**EXERCISE GOAL:** With both ends included, repeat exactly the lines of the entries below from the one containing "DSC Logo outdoor" down to the one containing "Econoco Plastic / Acrylic Garment Bag", and no others.

**RECORDS SHOWN:**
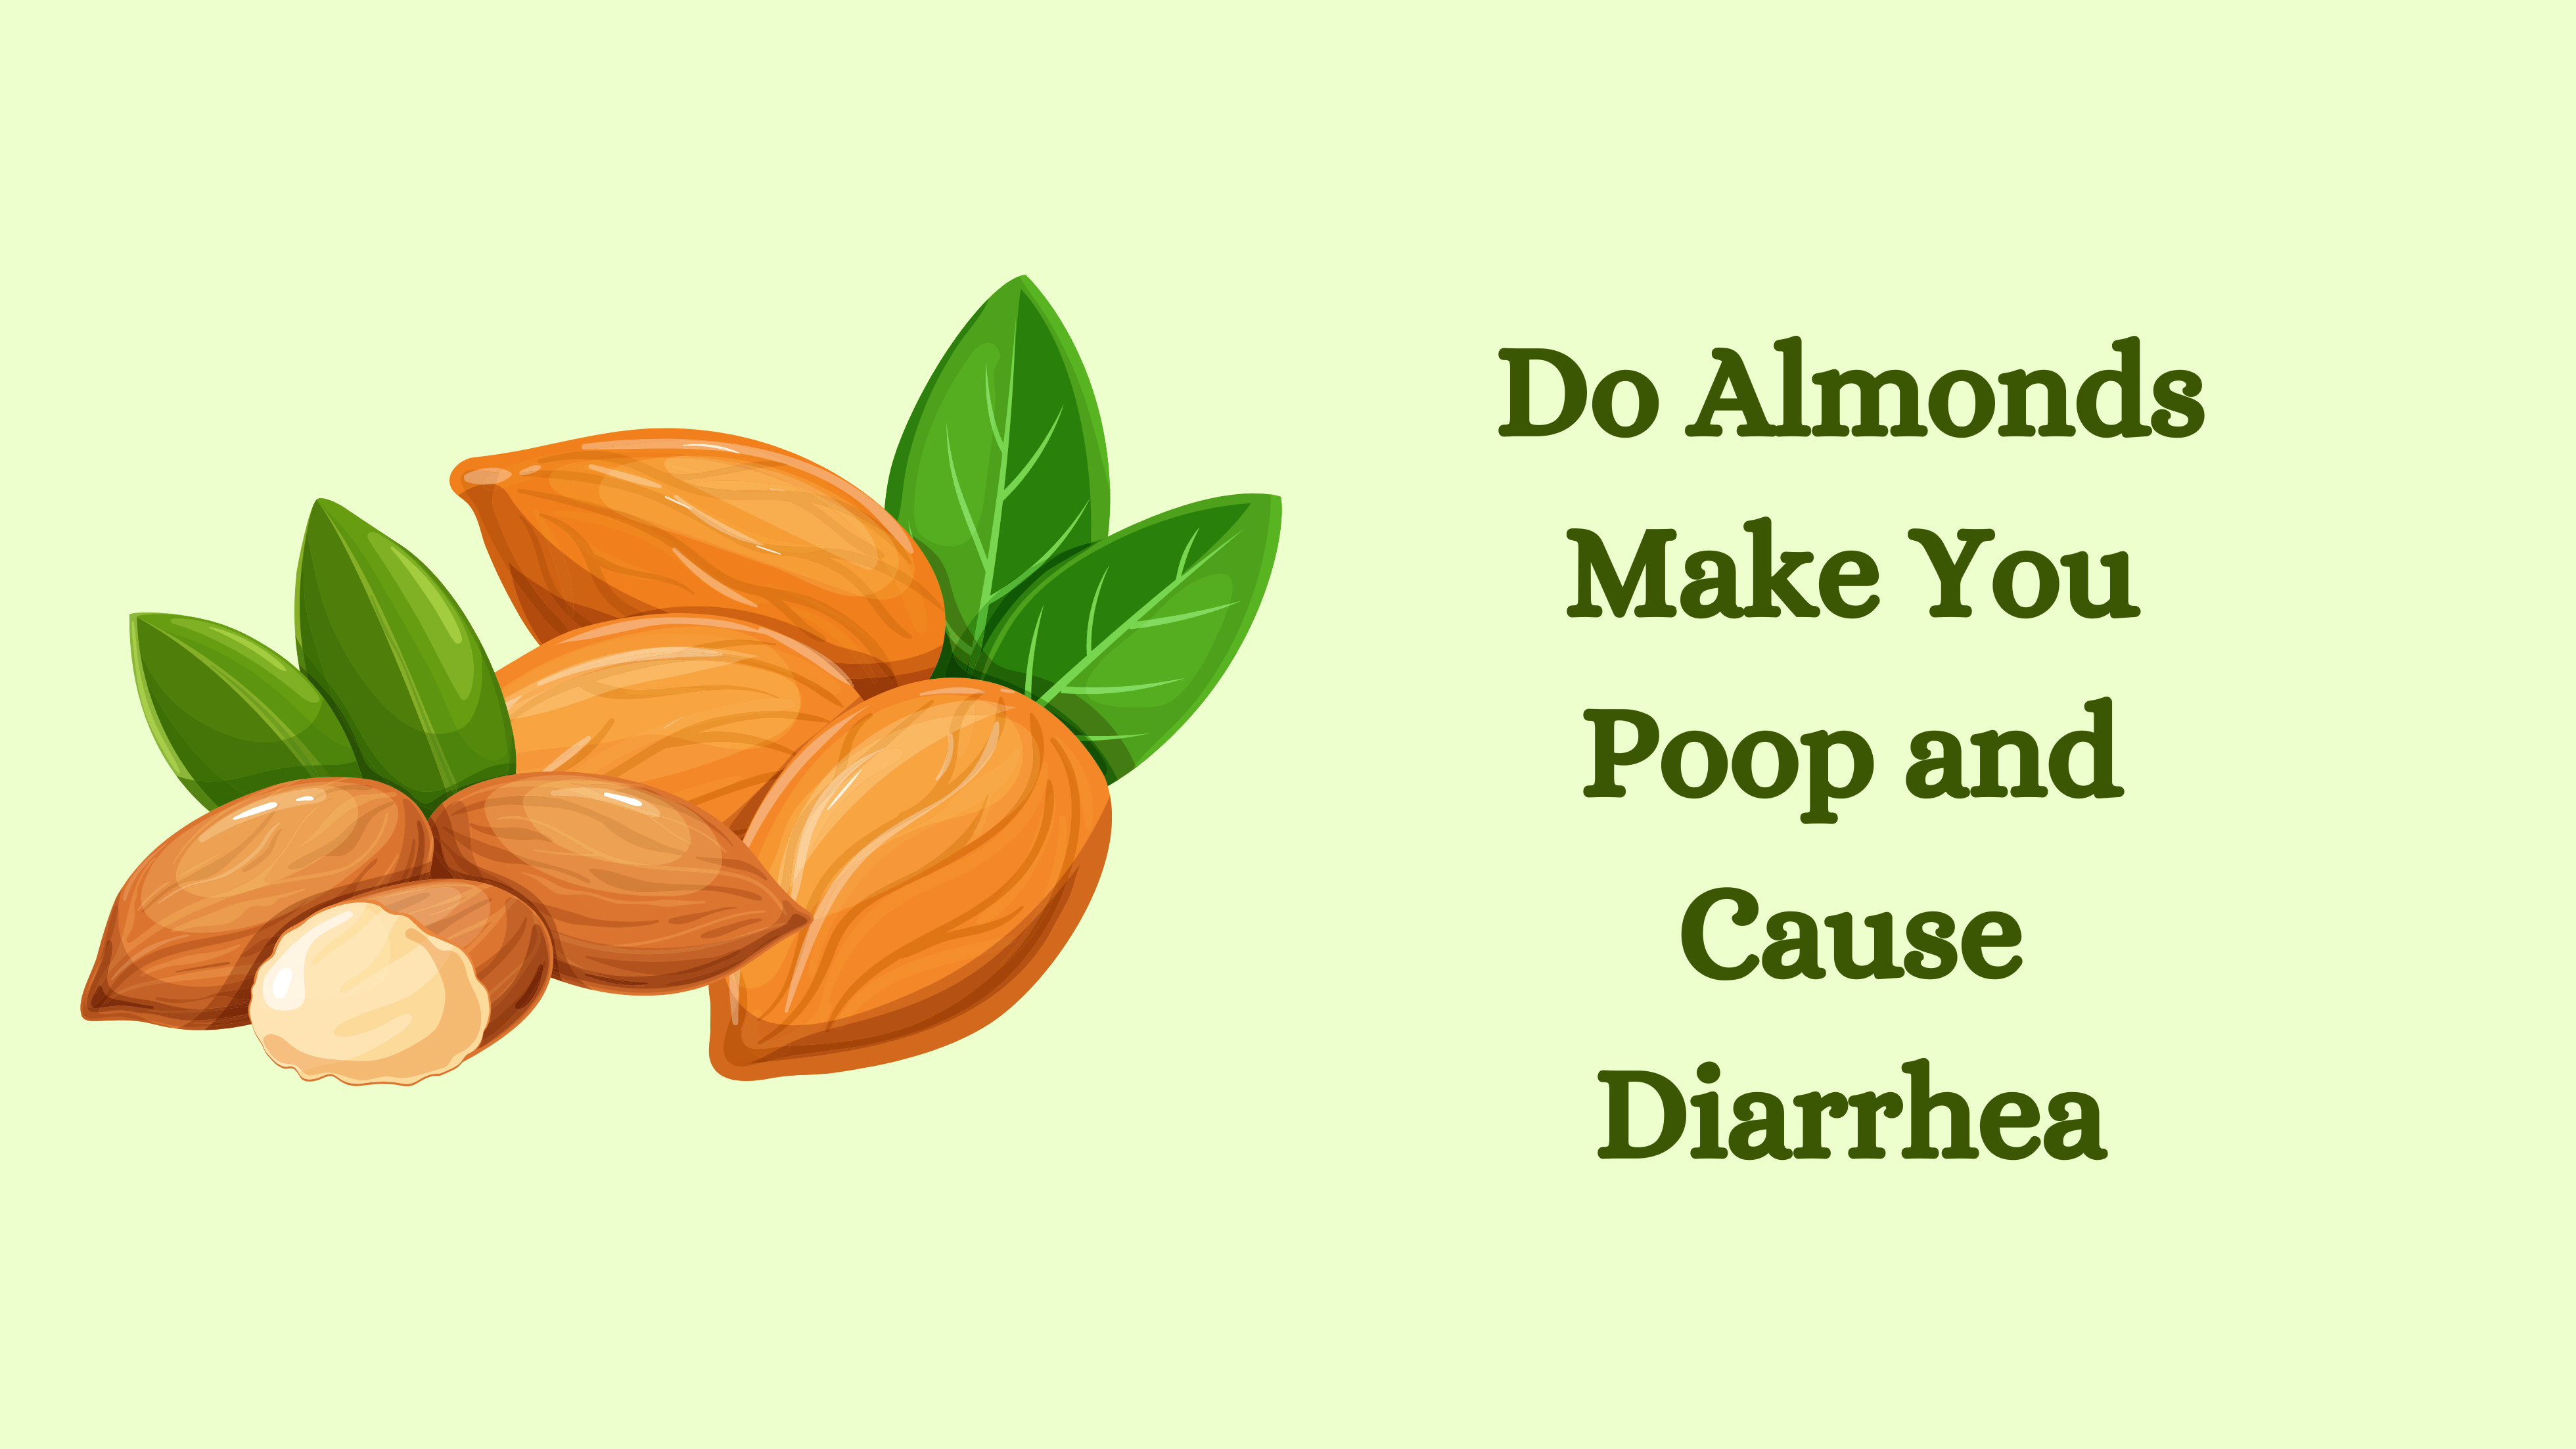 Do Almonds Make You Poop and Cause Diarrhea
---
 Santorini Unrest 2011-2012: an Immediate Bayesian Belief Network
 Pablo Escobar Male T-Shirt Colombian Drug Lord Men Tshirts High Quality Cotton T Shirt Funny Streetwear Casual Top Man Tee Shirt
---
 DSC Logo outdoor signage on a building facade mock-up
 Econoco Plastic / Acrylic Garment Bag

**RESPONSE TO THIS TASK:**
 DSC Logo outdoor signage on a building facade mock-up
 Econoco Plastic / Acrylic Garment Bag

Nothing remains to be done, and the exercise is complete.